Accordingly, MR and PET/MR examinations of patients with passive implants (e.g., vascular clips and clamps, intravascular stents and filters, vascular access ports and catheters, heart valve prostheses, orthopedic prostheses, sheets and screws, intrauterine contraceptive devices), active implants (e.g., cardiac pace-makers and defibrillators, cochlear implants, electronic drug infusion pumps) or other objects of ferromagnetic or unknown material (pellets, bullets) are always associated with a potential risk. Careful pre-examination interviews of the patients regarding the presence or absence of passive implants, which may interfere with the MR imaging protocol, or deter the patient from this examination all together is mandatory [87].

Summary and Conclusion

Multi-modality imaging instrumentation has evolved dramatically during the past decade. Combined SPECT/CT, PET/CT and, lately, PET/MR have revolutionized imaging and medical diagnosis. In these times of limited resources in healthcare and rapidly increasing radiation awareness, any predictions for future developments of PET/MR technology must take into account a variety of aspects, ranging from cost-­effectiveness to overall radiation dose. While technological innovation, such as PET/MR, always pairs with enthusiasm and public interest, subsequent commercial systems must be affordable and strategies for their clinical implementation must be assessed for their health benefit to justify their pursuit within a local or global healthcare system [88]. The impressive advances in imaging technology of the past decade came at a cost, but at what point do these advances become cost-effective? Whole-body PET examinations that took 1 h at the start of the last decade now take 5 min on PET/CT; the actual imaging takes only a fraction of the time needed for patient preparation and positioning or reporting the study. Does the increased wealth of available information from the MR make up for the increased examination time?
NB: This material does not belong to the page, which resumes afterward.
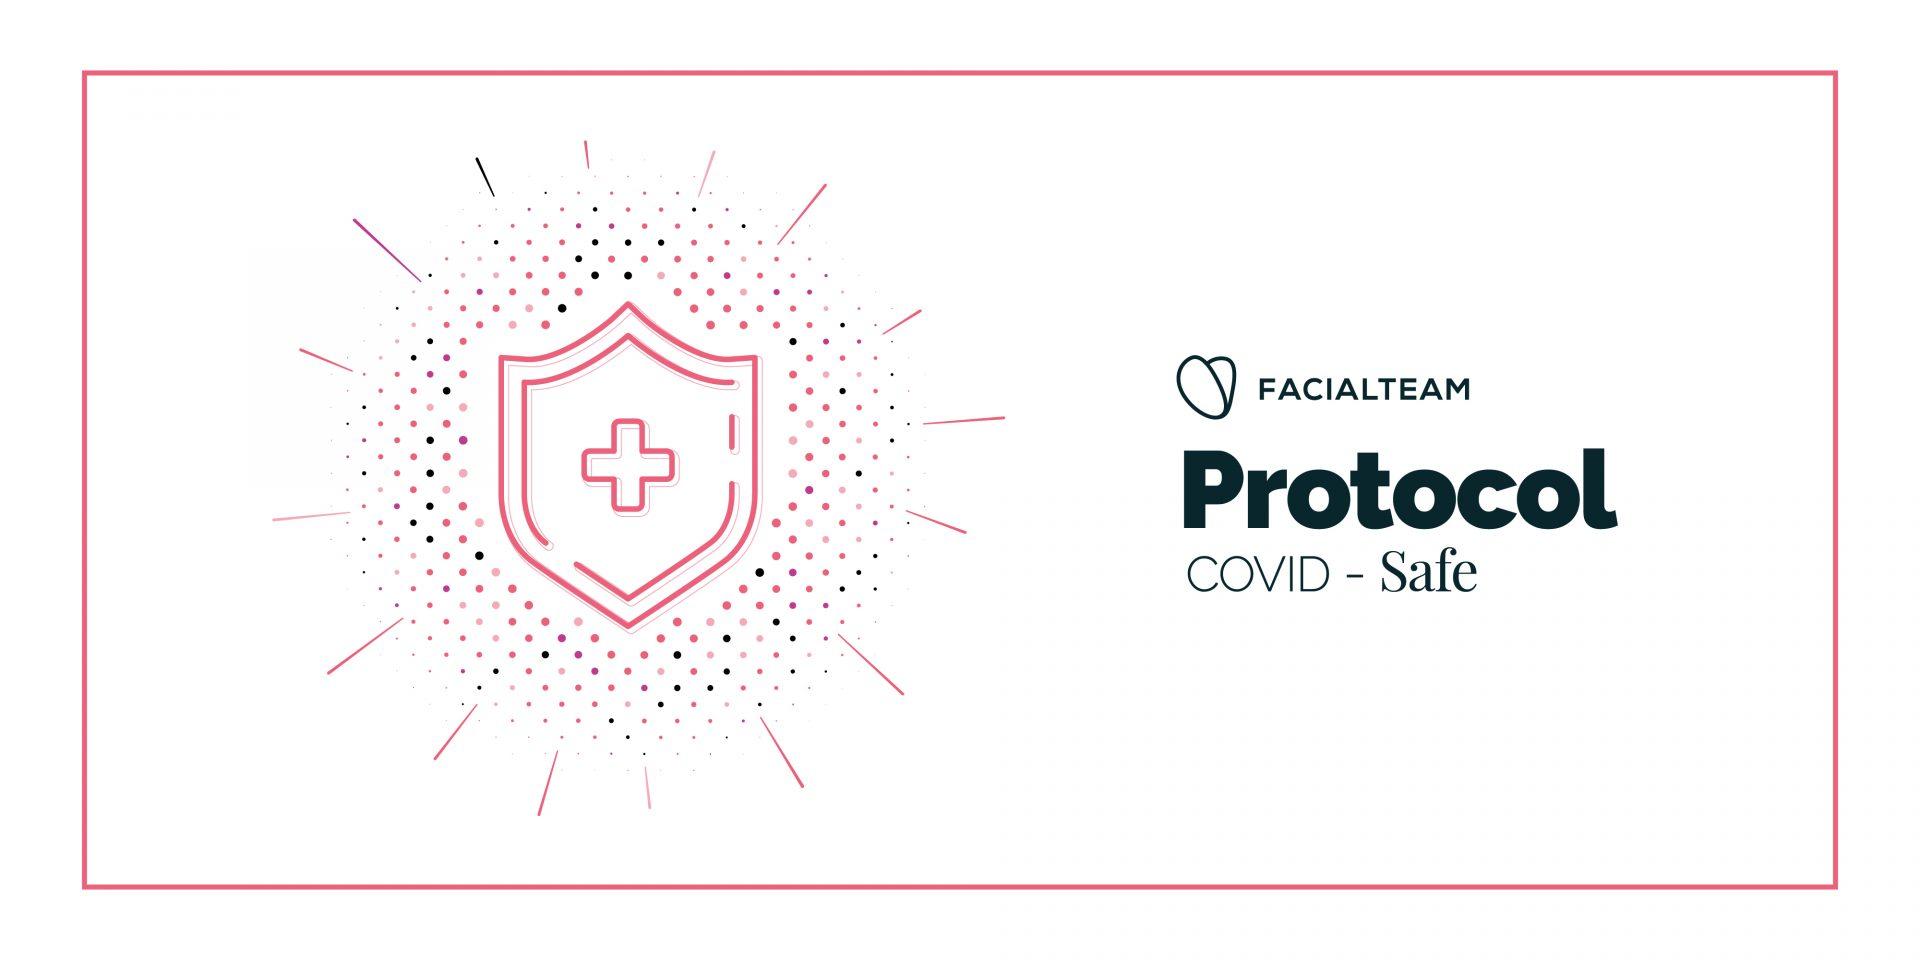 Our COVID-Safe Protocol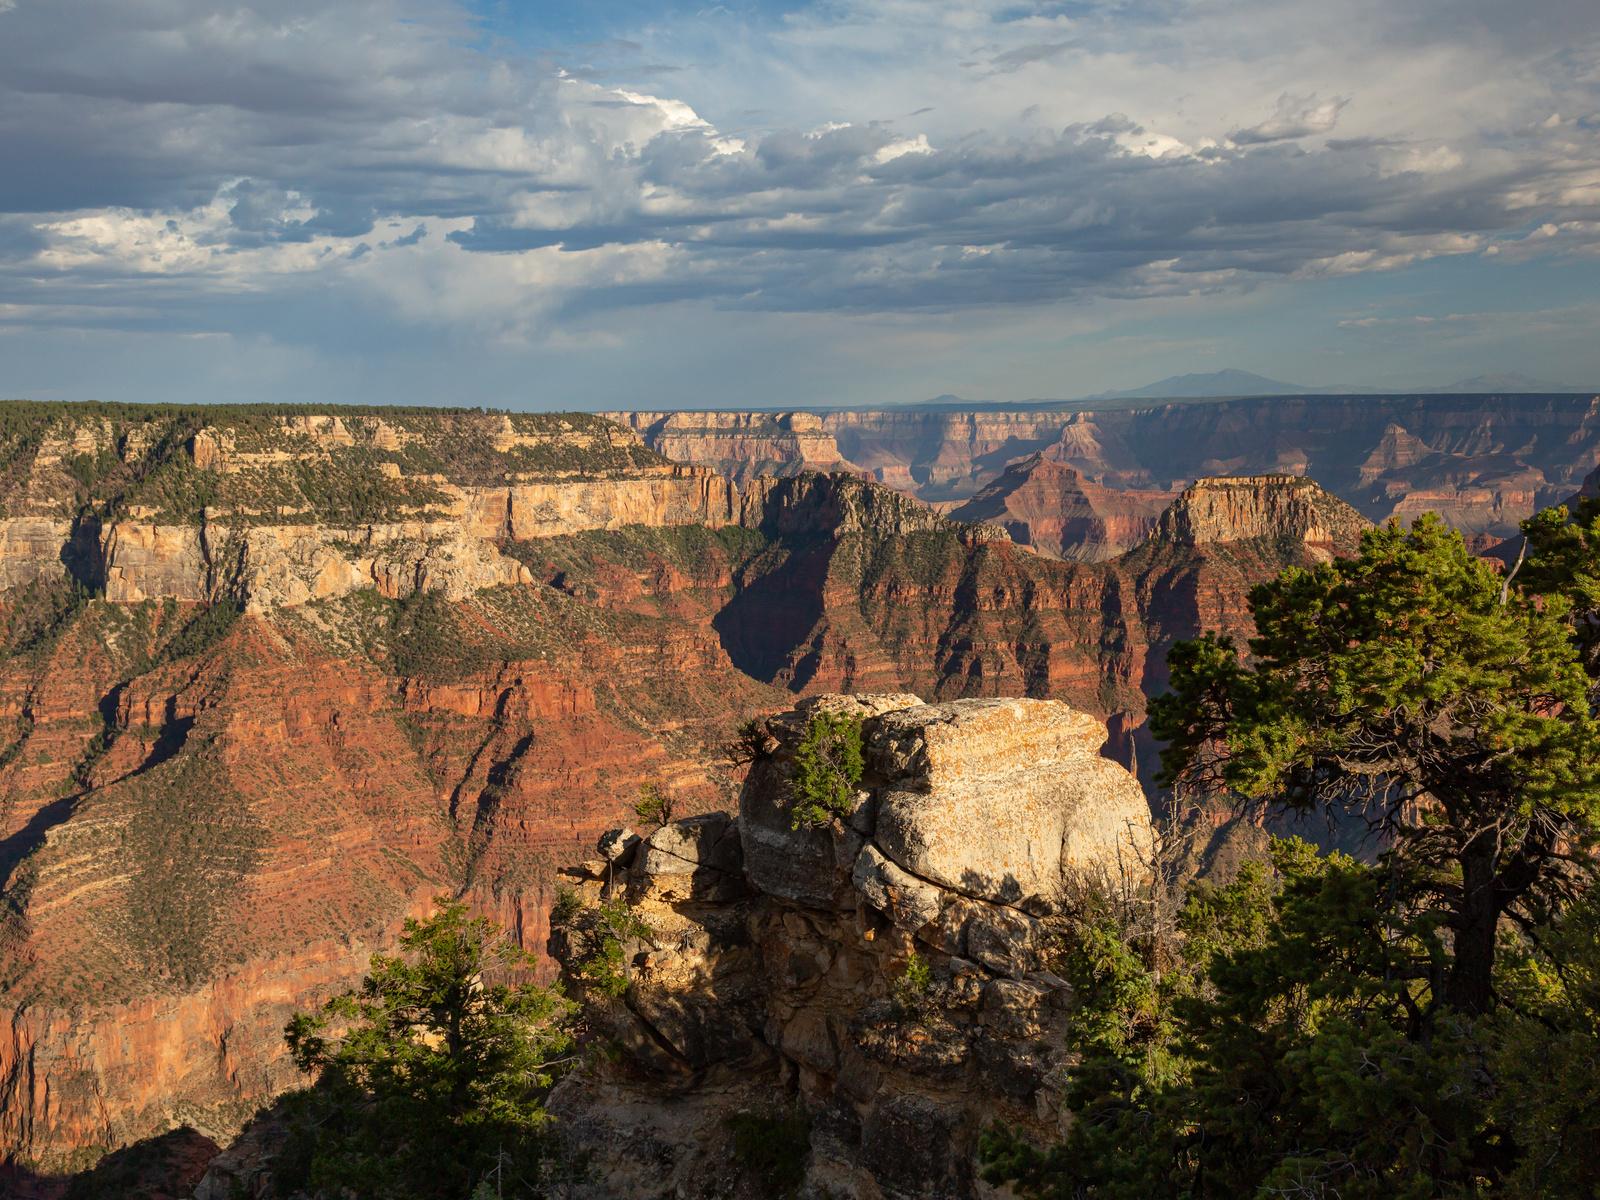 гранд-каньон, arizona, каньон, скала, природа

The radiation dose to the patient incurred by PET/CT is clearly an issue. Although the ALARA (as low as reasonably achievable) principle is sound advice, there are clearly groups of cancer-sufferers such as those in children and young adults where the probability of inducing a second, radiation-­associated cancer exceeds the benefits that can be accrued from the study. Different imaging strategies should then be adopted, such as MRI, optical imaging or ultrasound.

The commendable drive to reduce radiation exposure to patients has fostered an interest in a combination of PET with MRI. However, it is fair to assume that as long as diseases such as cancer and dementia remain primarily diseases of the elderly, the benefits of nuclear and X-ray imaging will largely outweigh the risks.

Will the coming decade witness the replacement of PET/CT by PET/MRI? Some believe it will, just as in the 1980s there were those who predicted that MRI would replace CT within 5 years. Of course that never happened, as both techniques have strengths and weaknesses and they have each found their niche in the medical imaging armamentarium. The same is likely true of PET/CT and PET/MRI—the technical challenges will be solved and simultaneous acquisition of MRI and PET will undoubtedly open new doors in clinical research and eventually also in the clinic.